The full flow with profiling:

```
omniverse-usd-performance-tuning
→ profile-stage (BASELINE)
→ usd-structure-assessment
→ usd-validation-runner (master router; uses skills/omniverse-usd-performance-tuning/references/usd-validation-runner/README.md for tier detail and selected-probe policy)
→ restructure-decision (Phase 2e gate)
→ instancing-readiness (if applicable)
→ SO operations / instancing
→ apply-restructure (Phase 5 ref-remap)
→ profile-stage (AFTER)
→ compare-profiles
→ optimization-report
→ report to user with evidence from the generated report
```

(See `skills/omniverse-usd-performance-tuning/references/workflow.md`
for the full canonical 7-phase flow.)

## Rules

- Always compare same mode (quick vs quick, full vs full).
- Always compare same hardware / environment for full mode.
- Report absolute numbers AND percentages — "2.3x faster" is more useful
  than "-56.8%" alone.
- If the optimization verdict is "regressed" or "mixed", do not present it
  as a success.
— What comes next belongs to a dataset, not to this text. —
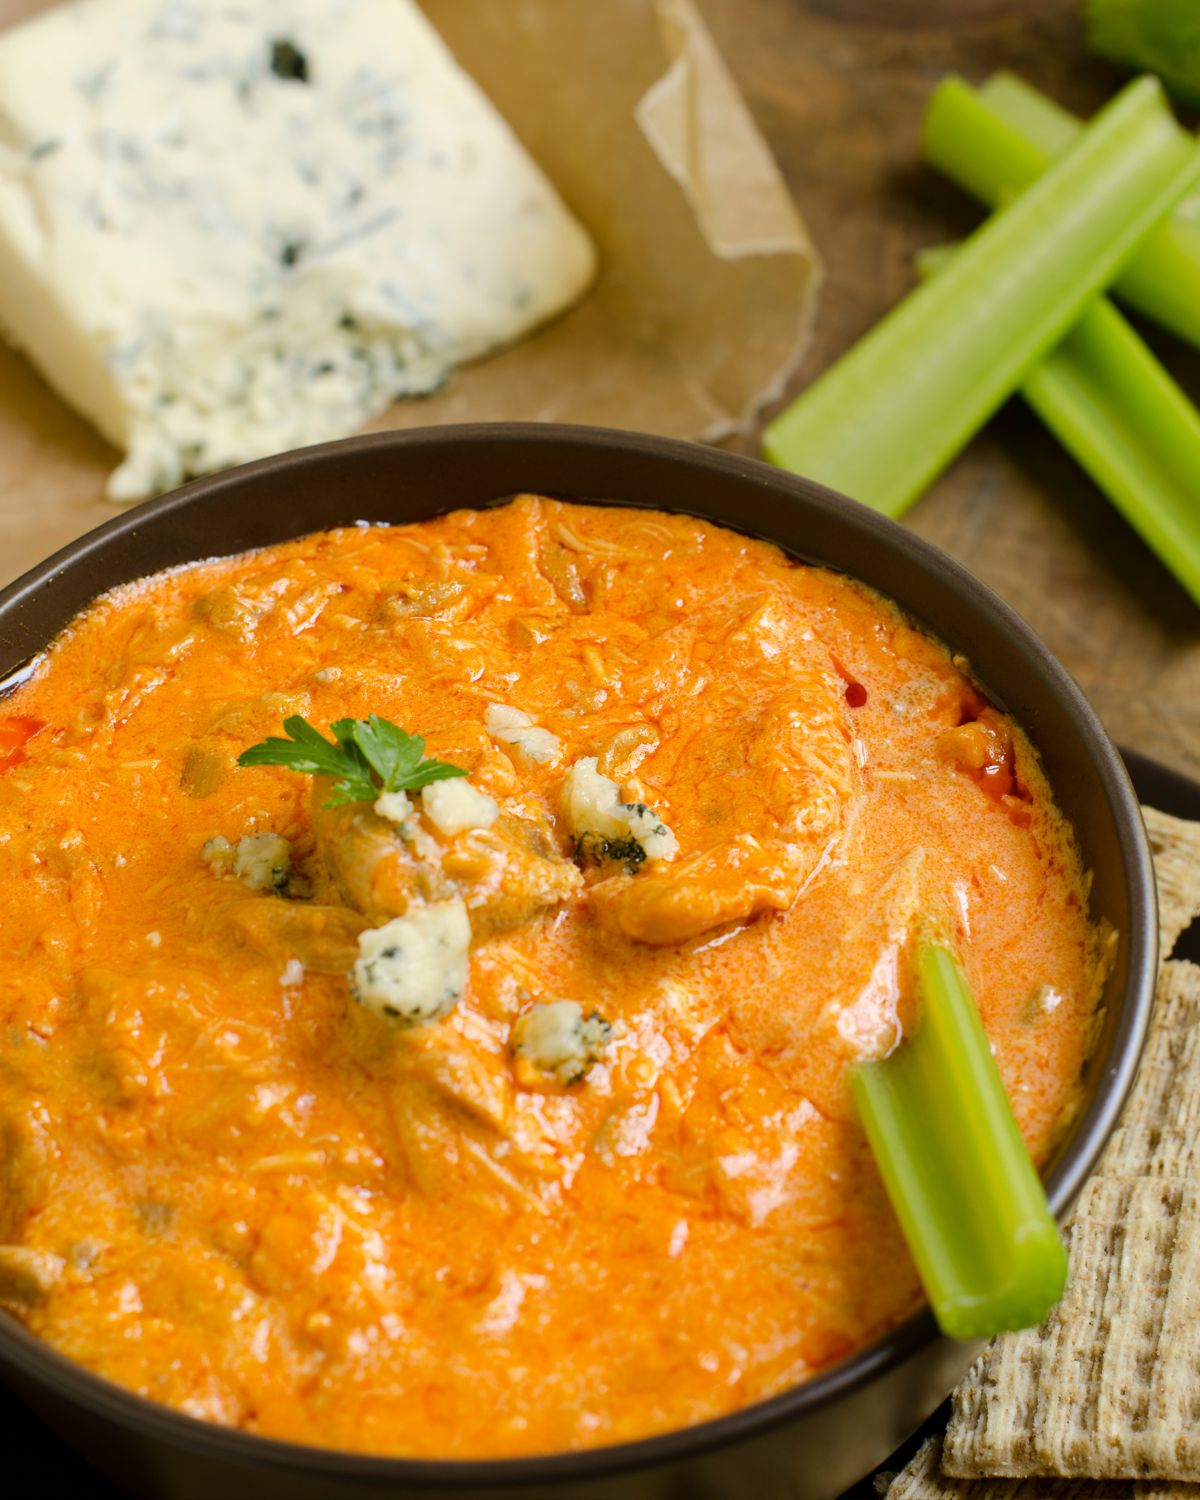 Healthy Buffalo Chicken Dip with celery in the dip.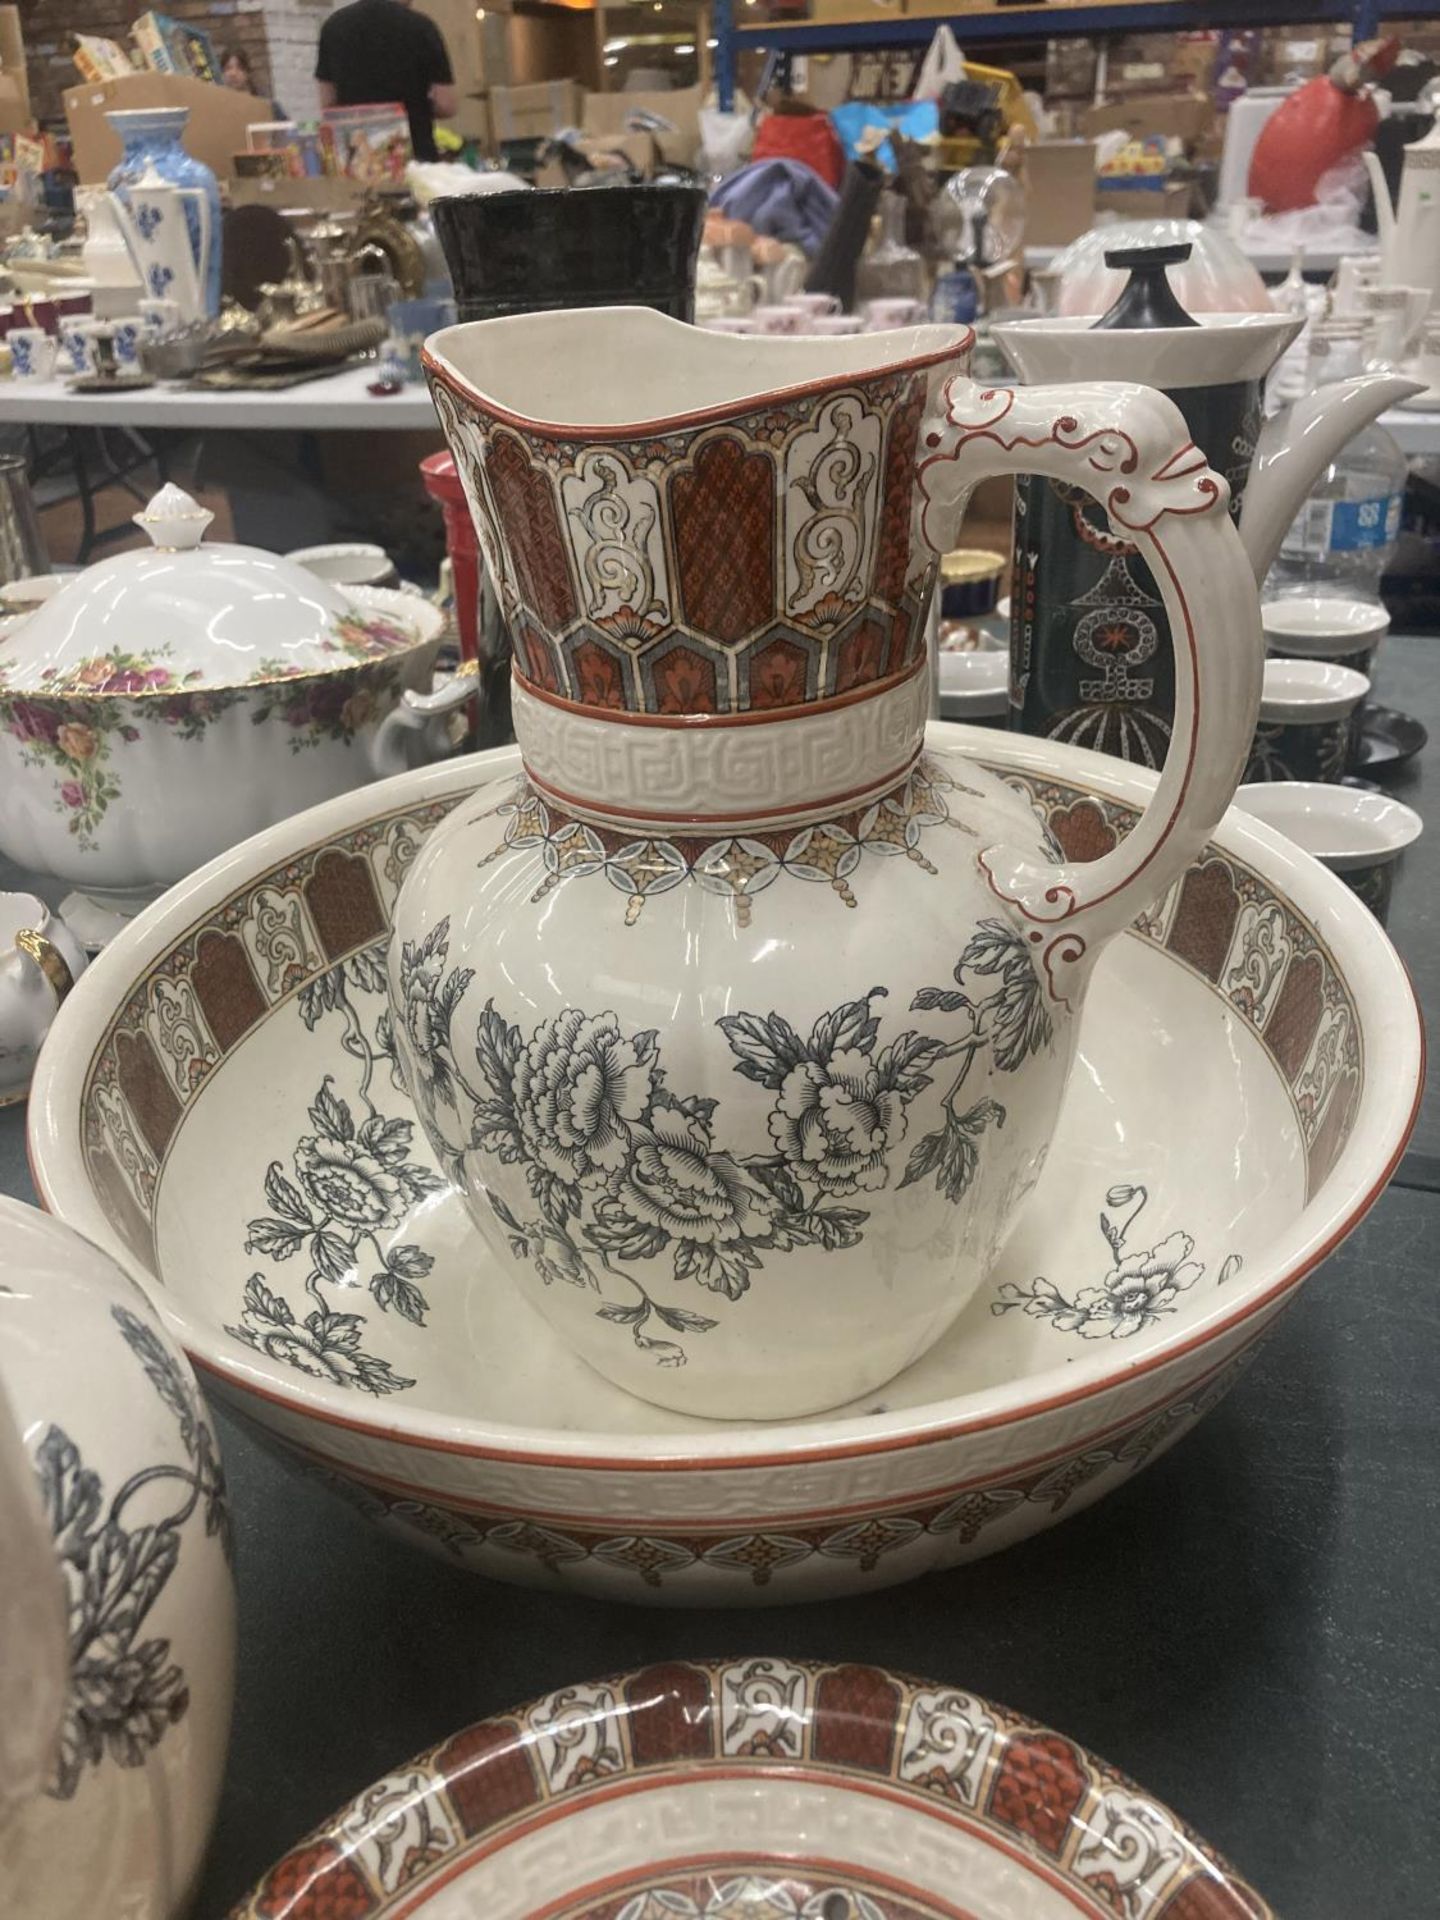 AN EMPIRE, BURSLEM FLORAL PRINTED VINTAGE BATHROOM SET TO INCLUDE WASHBOWL, JUGS, SOAP DISHES, ETC - Image 2 of 7

Be honest — the user needs to decide whether to keep or revert.
- A neutral result is not a failure — it means the scene didn't have the
  problem this optimization targets.

## Limitations

- Does not collect profile data; use `profile-stage` first.
- Cannot prove causality without knowing which operations changed the stage.
- Full mode comparisons are unreliable across different GPUs, drivers, or Kit runtimes.

## Troubleshooting

- If modes differ, rerun one capture so both inputs are quick or both are full.
- If a full-mode result looks noisy, repeat the capture and separate startup zones from steady-state zones.
- If a metric is missing from one result, report it as unavailable rather than assuming no change.

## Startup vs steady-state separation

When comparing full mode results, separate zones into:

- **Startup zones** (fire count = 1 or only during init): `createContext`,
  `Collect physical devices`, `compileShaderGroupForDevice`, `Acquire MdlTranslator`,
  `createExtensionManager`, `initialize`, etc.
- **Steady-state zones** (fire count = N, once per frame): `App Update`,
  `hydraRenderViews`, `Renderer::renderViews`, `SceneRenderer-rtx: render`, etc.

Classification rule: if a zone's count matches the frame count (±10%), it's
steady-state. If count = 1 or is proportional to startup (extensions loaded,
devices enumerated), it's startup.

A startup regression combined with a steady-state improvement is a **tradeoff,
not a regression**. Report it as:

> "Scene open is Xms slower (prototype setup), but each frame renders Y% faster.
> Net positive after Z frames of rendering."

Only flag as a true regression if steady-state zones also got slower.